—Longfellow.
“There ain’t nothing like fresh air and the smell of the woods. There’s always a smell from trees dead, or living, and the air is better where the woods be.”
CHAPTER XIII
SAN FRANCISCO
The Pacific slope has a wonderful flora which has been but little studied. Here wonderful ferns and laurels grow the whole year round. With few exceptions all the plants are new and strange. One of the most beautiful trees on the coast is the madrona, graceful and stately, its red trunk contrasting oddly with its green foliage. The dandelion is here but puts on such airs and graces that unless you are quite familiar with him you would never take him for the common weed he is at home. He grows several in a cluster on a delicate stem twelve to fifteen inches long. He is the pale yellow of California gold. His white head when he goes to seed is more frowsy than with us, and the seeds are a little different in shape, but he wings himself over onto people’s lawns with the agility and grace of his Illinois brother.

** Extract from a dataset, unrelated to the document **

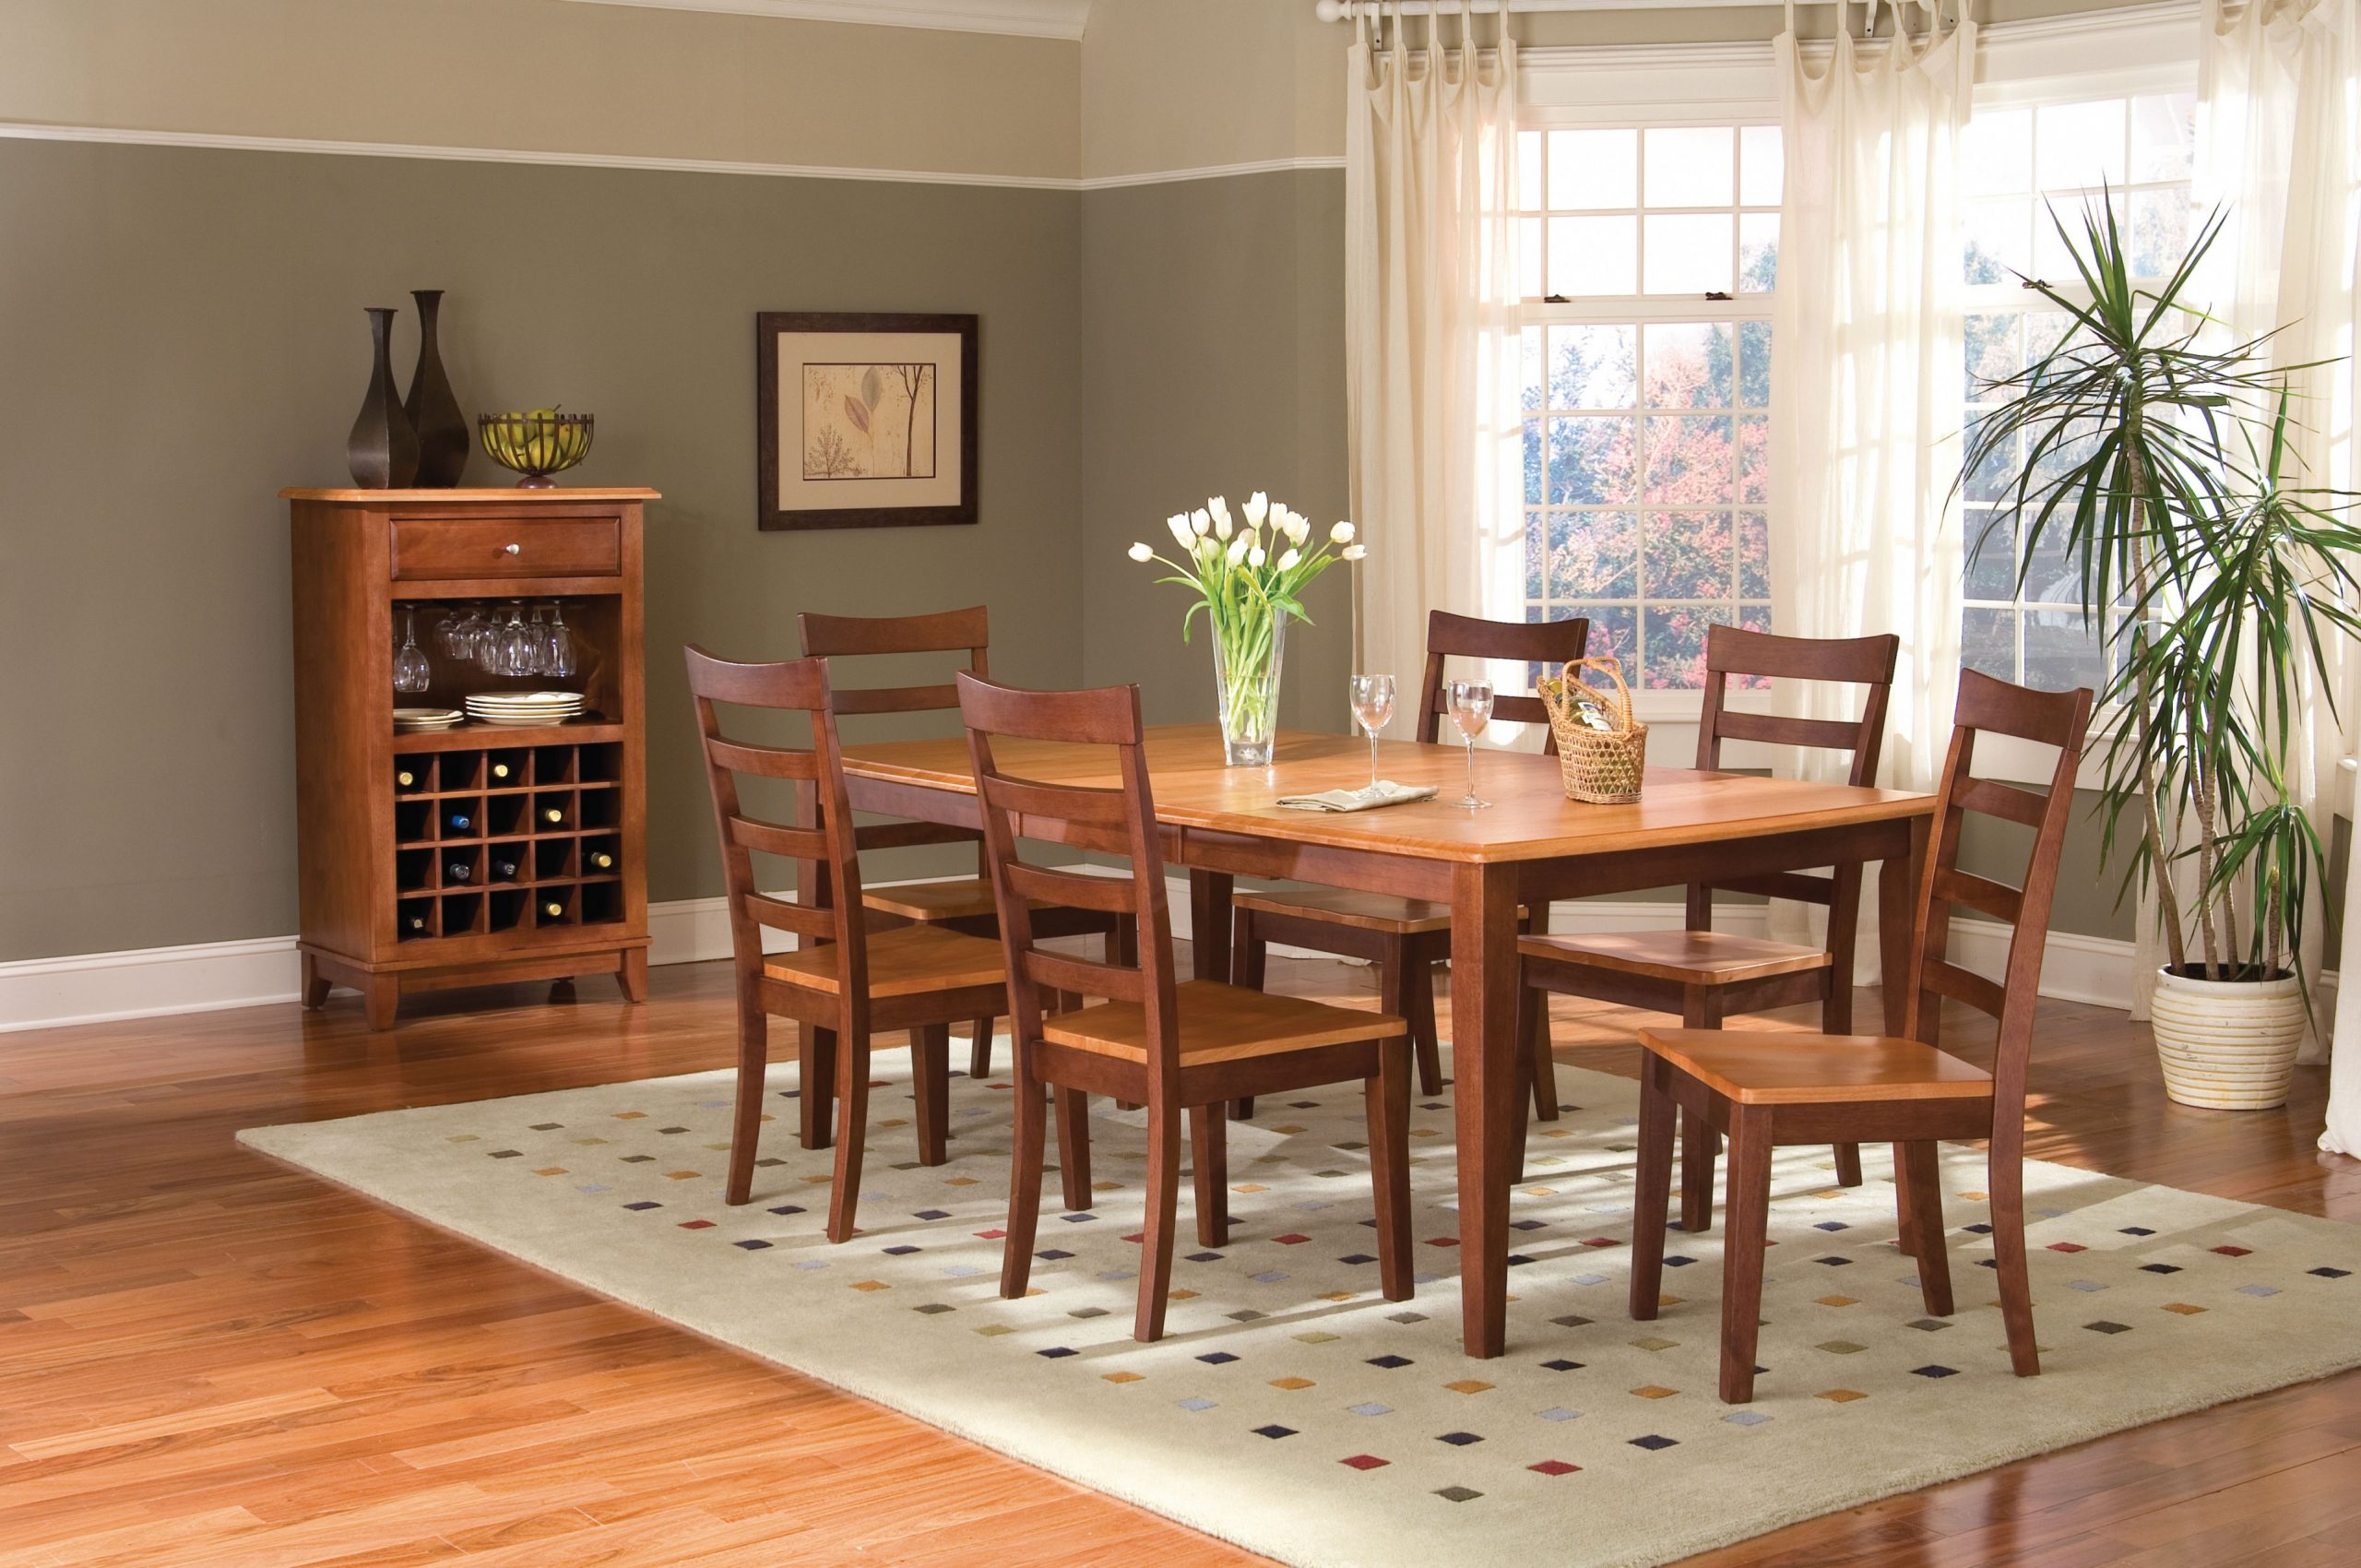 Decor Pub Dining Table Sets Havertys Dining Room Home Home inside dimensions 3836 X 2548

There are many points of interest in San Francisco and not the least of these is China Town, which has a population of thirty thousand people. A Chinese school is a place of interest. The boys (girls are not sent to school in China Town) stand at long tables running across the room. The pupils all study aloud. Besides their books each pupil is provided with a small camel’s hair brush and a pot of ink with which he writes out his lessons in the characters of his native language. The paper used is very red, while the ink is very black. This is a priest’s school and these little almond-eyed Orientals in their quaint caps and gowns are all studying for the priesthood. They laugh and whisper too, when the teacher’s attention is engaged elsewhere, just like American children. One boy painted a Chinese character on another’s face, then they all laughed and the first boy wiped it angrily off. The teacher had not seen it, so no one was punished. The teacher, a fine looking man in the native dress of his country, with a few strokes of his brush painted for us on red paper an advertisement of his school. Teacher and pupils bowed a good morning as we departed.
STREET SCENE IN CHINATOWN, SAN FRANCISCO.
At the Christian Mission the Chinese minister, a man of much intelligence, greeted us cordially, asking where we were from. He knew where Chicago was and something about it. He was sorry that the services were over and asked us to come again next Sunday at ten o’clock.
The tea house, which is the club room, is the finest oriental club house in America. The beautiful tables and chairs are all inlaid with marble and pearl.